Eugenics – Simple English Wikipedia, the free encyclopedia

Eugenics is a social and political philosophy. It tries to influence the way people choose to mate and raise children, with the aim of improving the human species.

Eugenics rests on some basic ideas. The first is that, in genetics, what is true of animals is also true of man. The characteristics of animals are passed on from one generation to the next in heredity, including mental characteristics. For example, the behaviour and mental characteristics of different breeds of dog differ, and all modern breeds are greatly changed from wolves.[1] The breeding and genetics of farm animals show that if the parents of the next generation are chosen, then that affects what offspring are born.

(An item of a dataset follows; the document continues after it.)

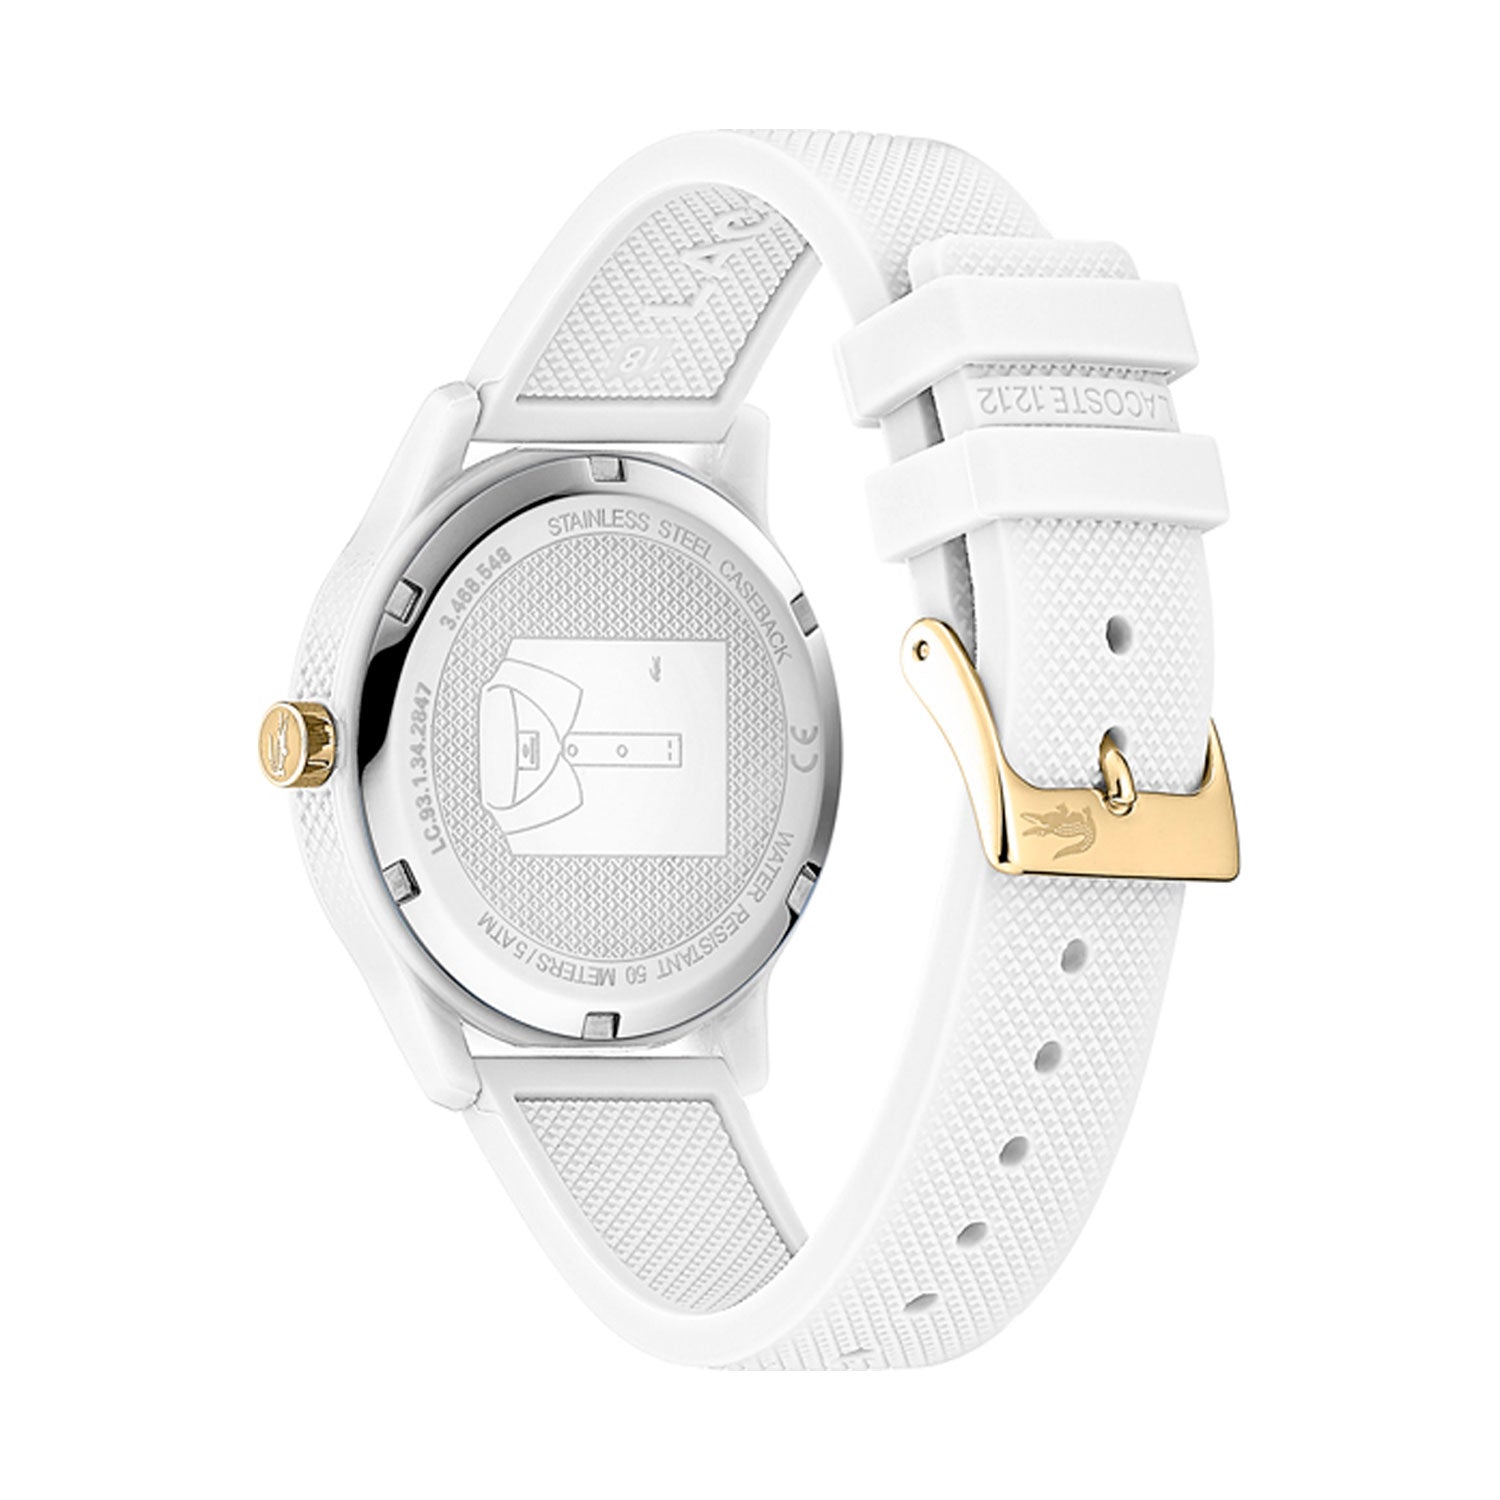 Reloj de mujer Lacoste Watches 2001063 de silicona blanco

Negative eugenics aims to cut out traits that lead to suffering, by limiting people with the traits from reproducing. Positive eugenics aims to produce more healthy and intelligent humans, by persuading people with those traits to have more children.[2]p85 In the past, many ways were proposed for doing this, and even today eugenics means different things to different people. The idea of eugenics is controversial, because in the past it was sometimes used to justify discrimination and injustice against people who were thought to be genetically unhealthy or inferior.

Contents

Modern eugenics was first invented in 1865 by Sir Francis Galton, a British scientist who was the cousin of Charles Darwin.[3] Galton believed that intelligence and talent were hereditary and were passed from parent to their children. Based on this, he thought that people could be bred to be smarter, just like animals were bred to be larger or smaller. Galton thought the best way to do this was to learn more about heredity, and also to tell people that they should only marry people who were smart and strong. Galton chose the name "Eugenics" because it was very similar to the Greek for "well born".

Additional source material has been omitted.